|
It generally means you teach it to recognize 3d shapes (a 2d image that moves = a 3d image, more or less. Yes there's a good reason why you might want to call it 2.5d, but the easy way to model a 2.5d object is in 3d). Think of it as the difference between recognizing 2 points and recognizing a Feynman diagram. This is one of the things people don't often realize you can do with algorithms. You don't need to look at the world the way it actually really exists, and there may be very good reasons not to. Training algorithms to actually recognize moving images is incredibly hard, because it requires things like memory, fade-outs, recurrent networks, all that very advanced stuff. Obviously time exists as a continuum in the "real" world. But that's bloody inconvenient.

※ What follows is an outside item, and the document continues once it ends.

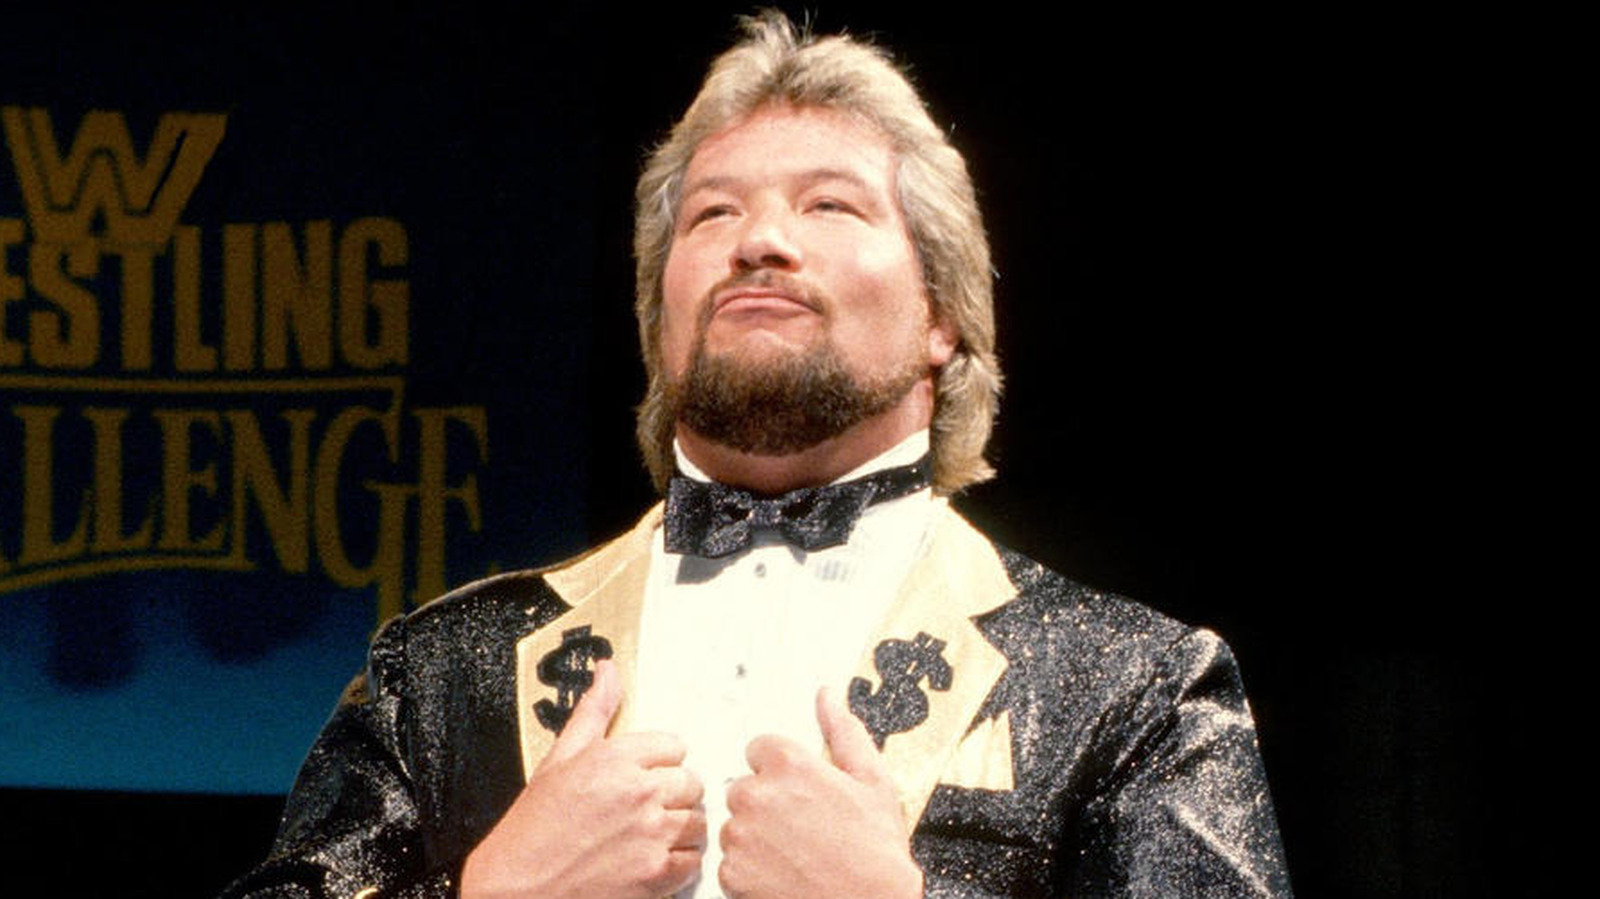 Ted DiBiase recuerda su lucha contra Randy Savage en WWE WrestleMania 4

So just look at big "quanta" of time, collecting all data points during the quantum, analyse it, then shift the quanta/window ahead 0.1s and do the exercise again. This is so much easier you wouldn't believe it. Teaching an algorithm to recognize, say, a car collision, given 100 frames. It doesn't require any change to the algorithm (just a change in training data). And obviously your backend system needs to be aware that, over time, the "isColliding" output will look like ......1.....11.....1111...1111.1.1.111.11..11...11.11...11...1.....1...1...... when a collision occurs and this of course doesn't mean you've had 20 collisions. It does mean a bigger network, slower training, and more resources needed. But not as much as you'd think. Keep in mind that a "temporal" network will need more hidden layers. Also please consider building "redundant" networks for temporal data. When people ask why, I have no better answer than that it's the same technique our brain uses, so frankly if it's good enough for God, it's good enough for me. Doing the temporal thing means you're back to using trivially simple algorithms, running on more data. Cracking captcha's is not very impressive. I've done it as a weekend project, and exceeding "average" human captcha'ing ability is easy. I actually got it to the point where my algorithm was slightly better at captcha's than me, where I was allowed to take 2 minutes for difficult captchas. If I wasn't allowed to take more than 10 seconds, my algorithm easily beat me by over 10% (my captcha performance, when measured, shockingly is only ~83%). I didn't cheat : I used an external site's captchas (from dns.be). The algorithm used was dead simple backpropagation. |
If it's so easy, could you share it on github?